Say your situation suddenly changed and you found yourself without much money, without means of transport and few job opportunities as well as no home, how would you survive?

There're hundreds of thousands of people all across the country that're living this life. There're thousands of homeless every night in most larger cities. They can hitchhike for travel but some of them can't move around well because of bad knees or ankles or other such things. So they stay in certain areas to avoid having to move around too much. A few crazies have walked, though. I met one guy that told me he walked 100 miles. I walked a large amount even when I was settled. I may have been able to take the bus. In the inner city only some cities offer free rides. But if you want to travel outside of that you have to pay - and there were a lot of things outside that area of the city.
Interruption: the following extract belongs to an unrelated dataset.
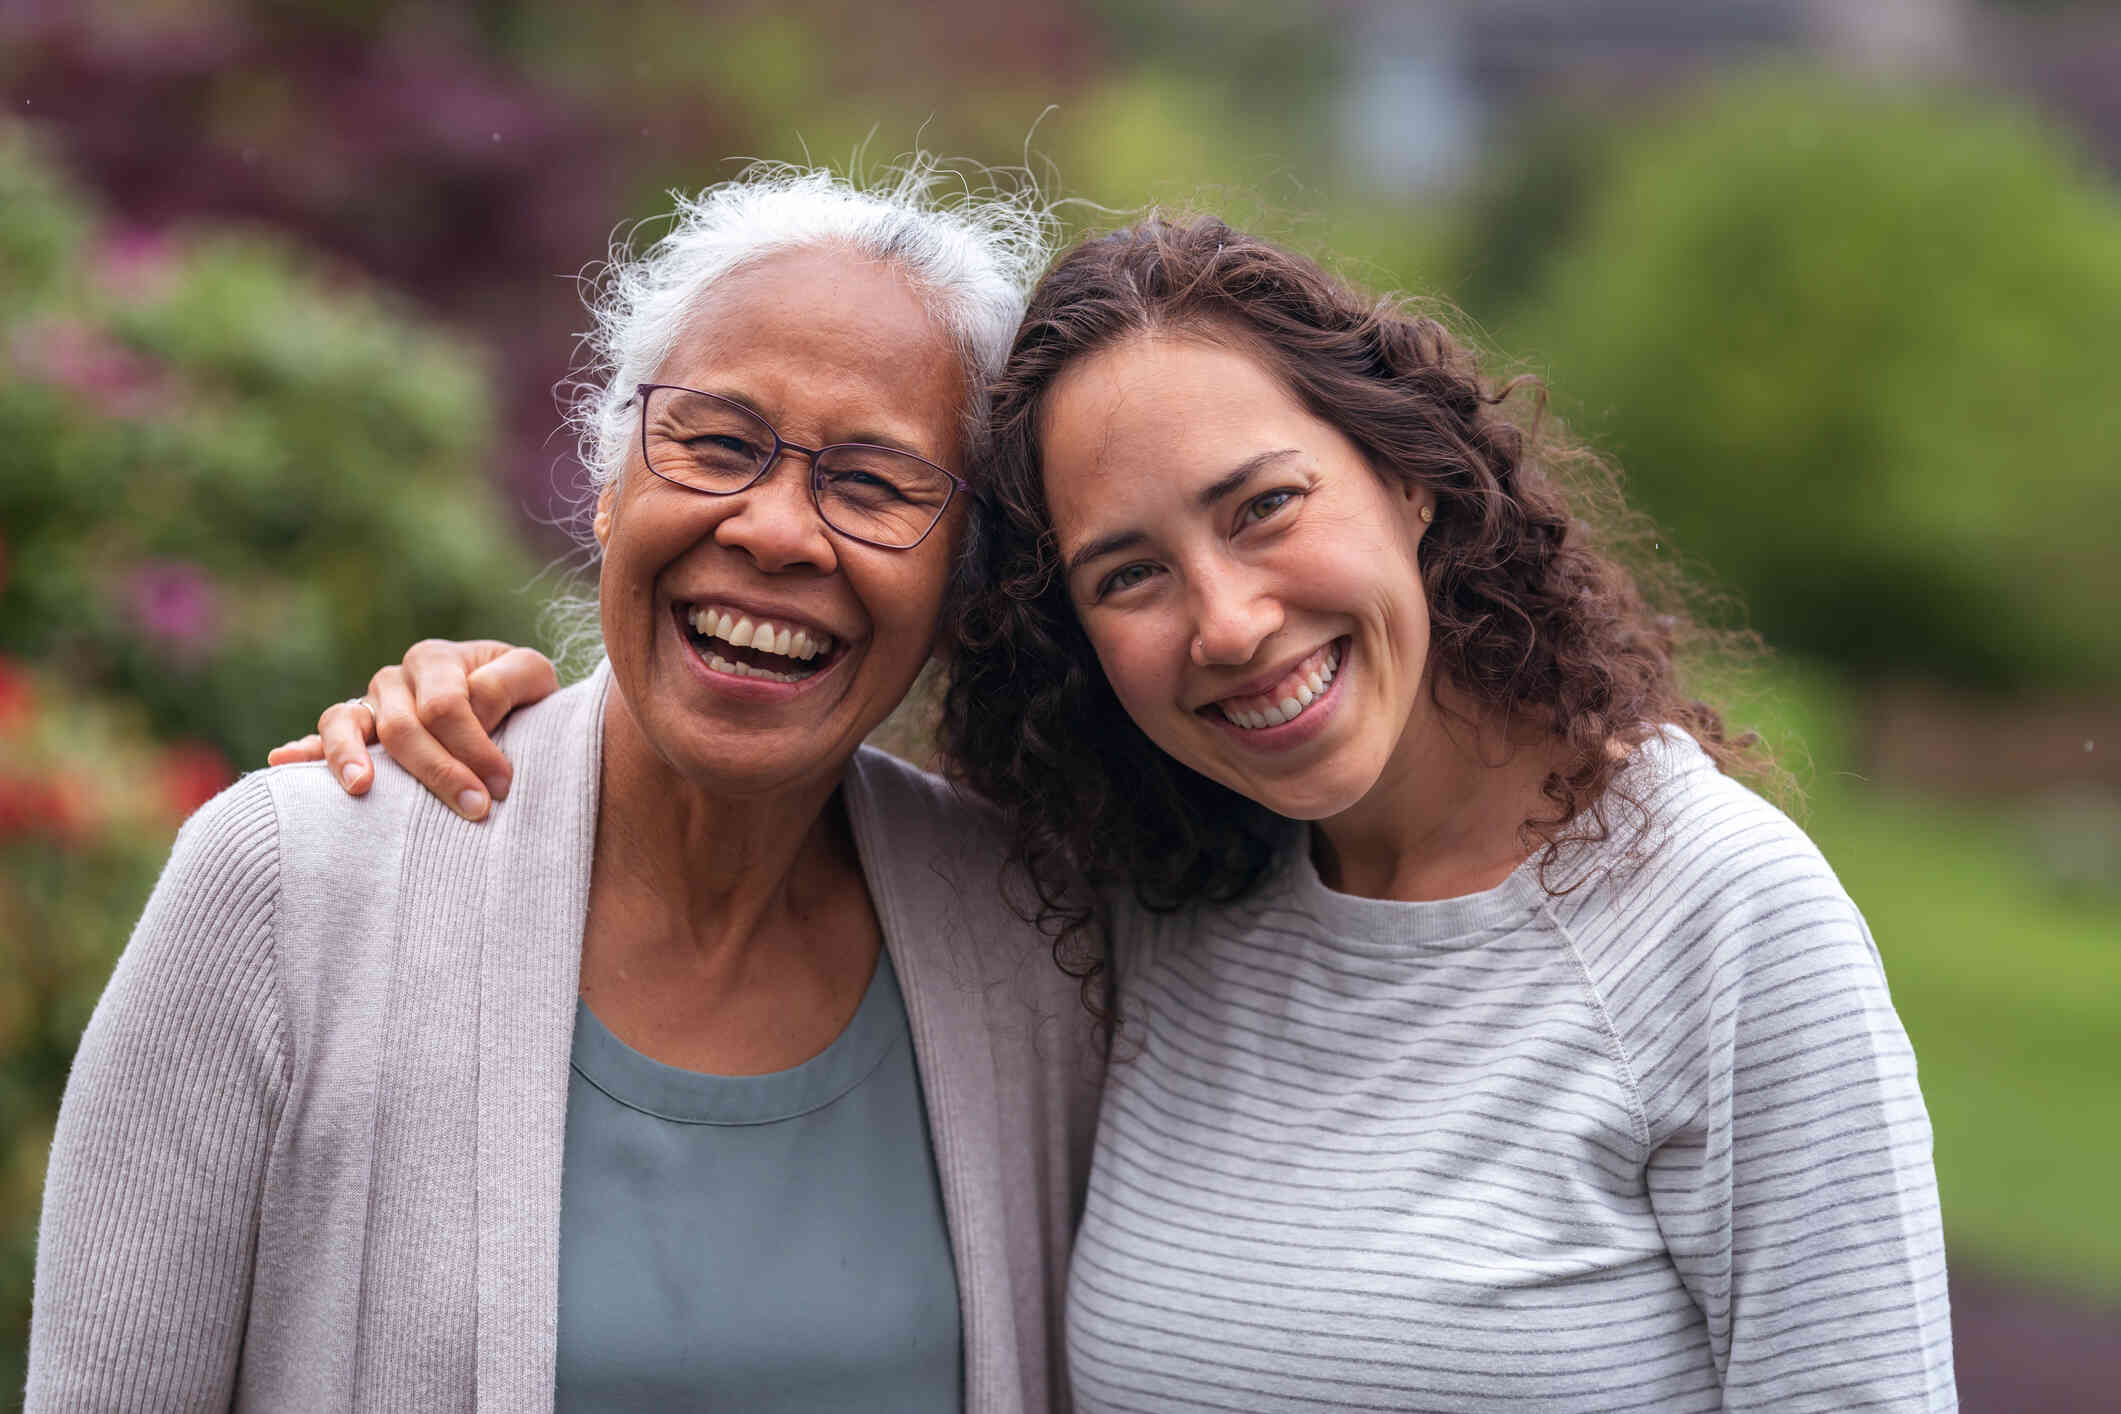 A woman wraps her arm around an older womans shoulder as they both smile and look at the camera.

Would you steal or beg to survive? Would you try and busk or hustle or would you still try and maintain a clean image and apply for jobs (how would that work without a mailing address?)

Some of them beg, but many don't. There're shelters and churches that have food. Many homeless people have part-time jobs while they're staying at shetlers. There're also low rent shelters where you can stay (only at night, not during daytime, i think) and you have your own locker for private possessions. Some people will offer you work - for example, i was offered a small job for $70 but since I didn't know the area at all (was my first time there) and I had blisters all over my feet, I declined him.
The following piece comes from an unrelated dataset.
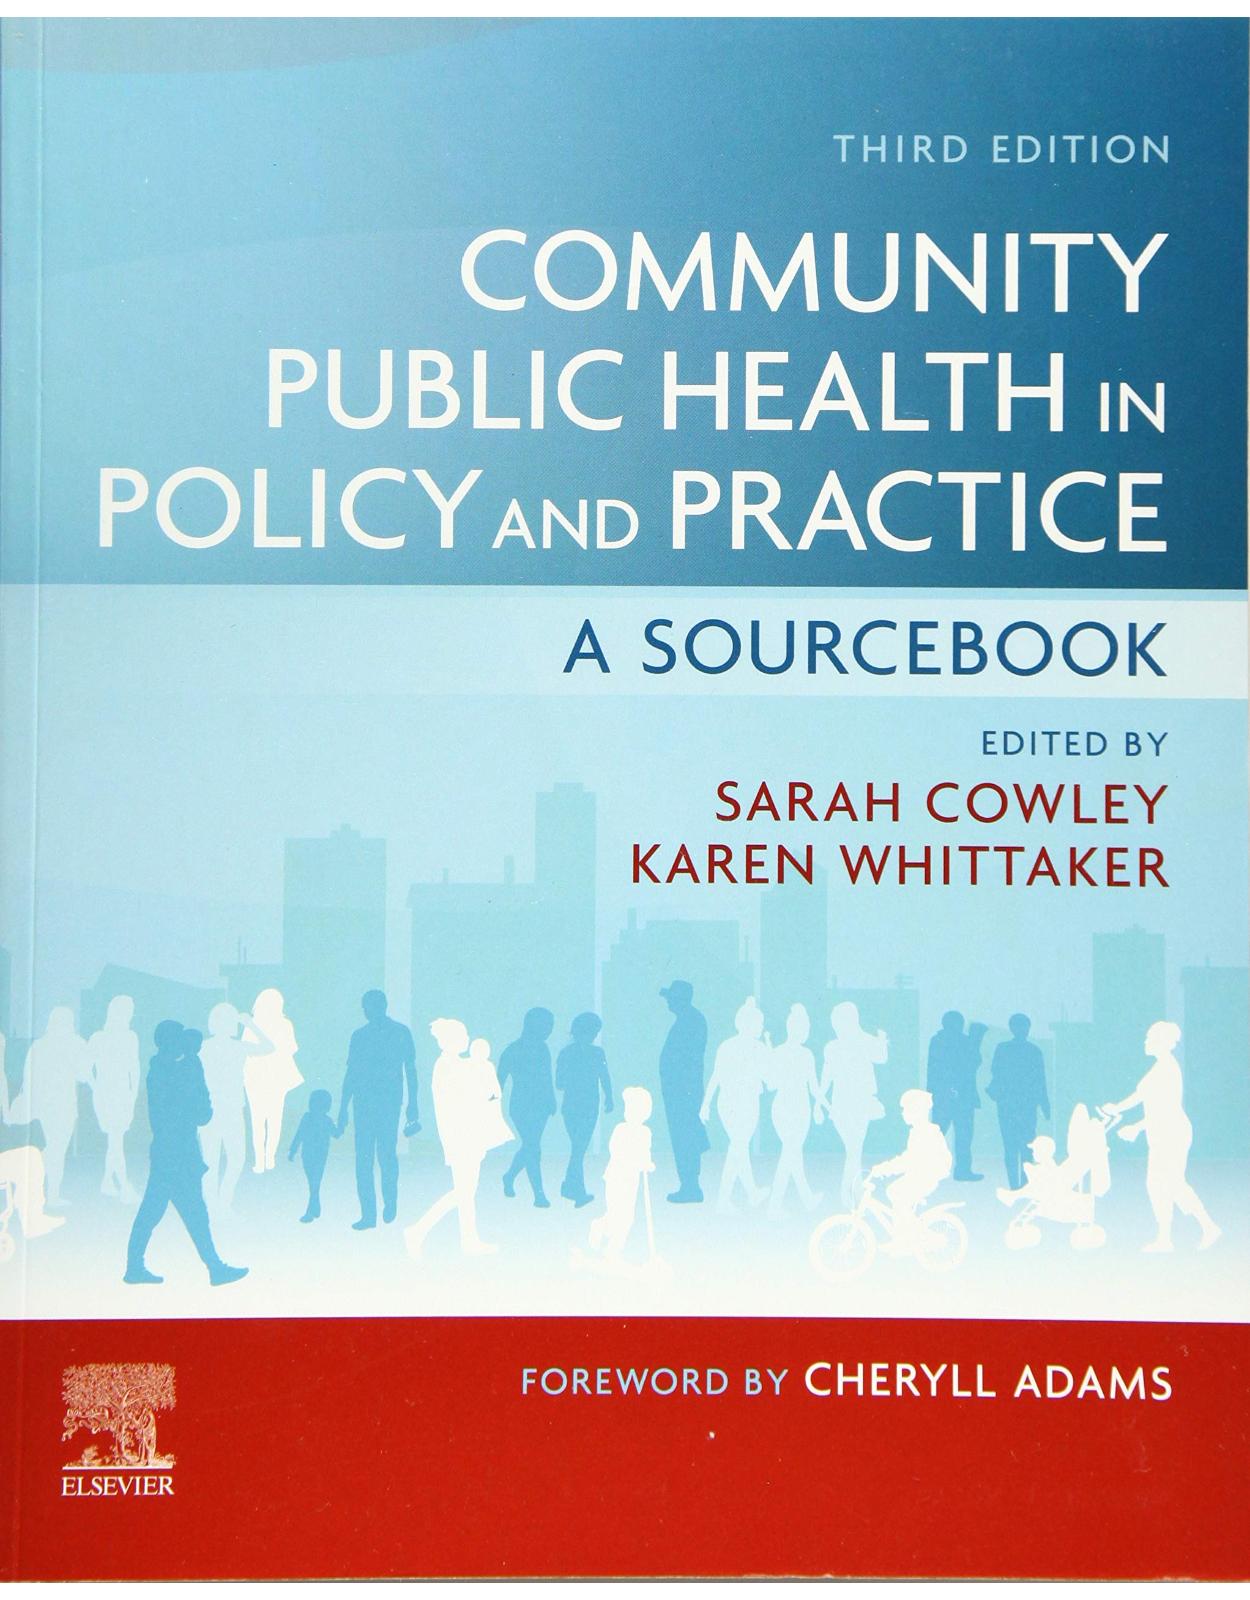 Community Public Health in Policy and Practice: A Sourcebook

Would you apply for a hostel, or rely on friends?

Hostels are too expensive. People sleep on the street or they go to shelters. I slept at a trucking station on a rockpile one night - i'm lucky no trucker said anything or that I didn't get covered in rocks (hey, it could have happened). It was freezing cold. I also slept on a walking bridge. Again, it was freezing cold because it was on a bay. You need 2 or 3 covers to sleep more than a few minutes. I don't think I slept at all those nights. I did try sleeping in a park and think I had more like, but woke up a coulpe times and saw rats scurrying around. Some shelters don't ask for money but you have to compete by showing up early. Others require you to do certain tasks for them.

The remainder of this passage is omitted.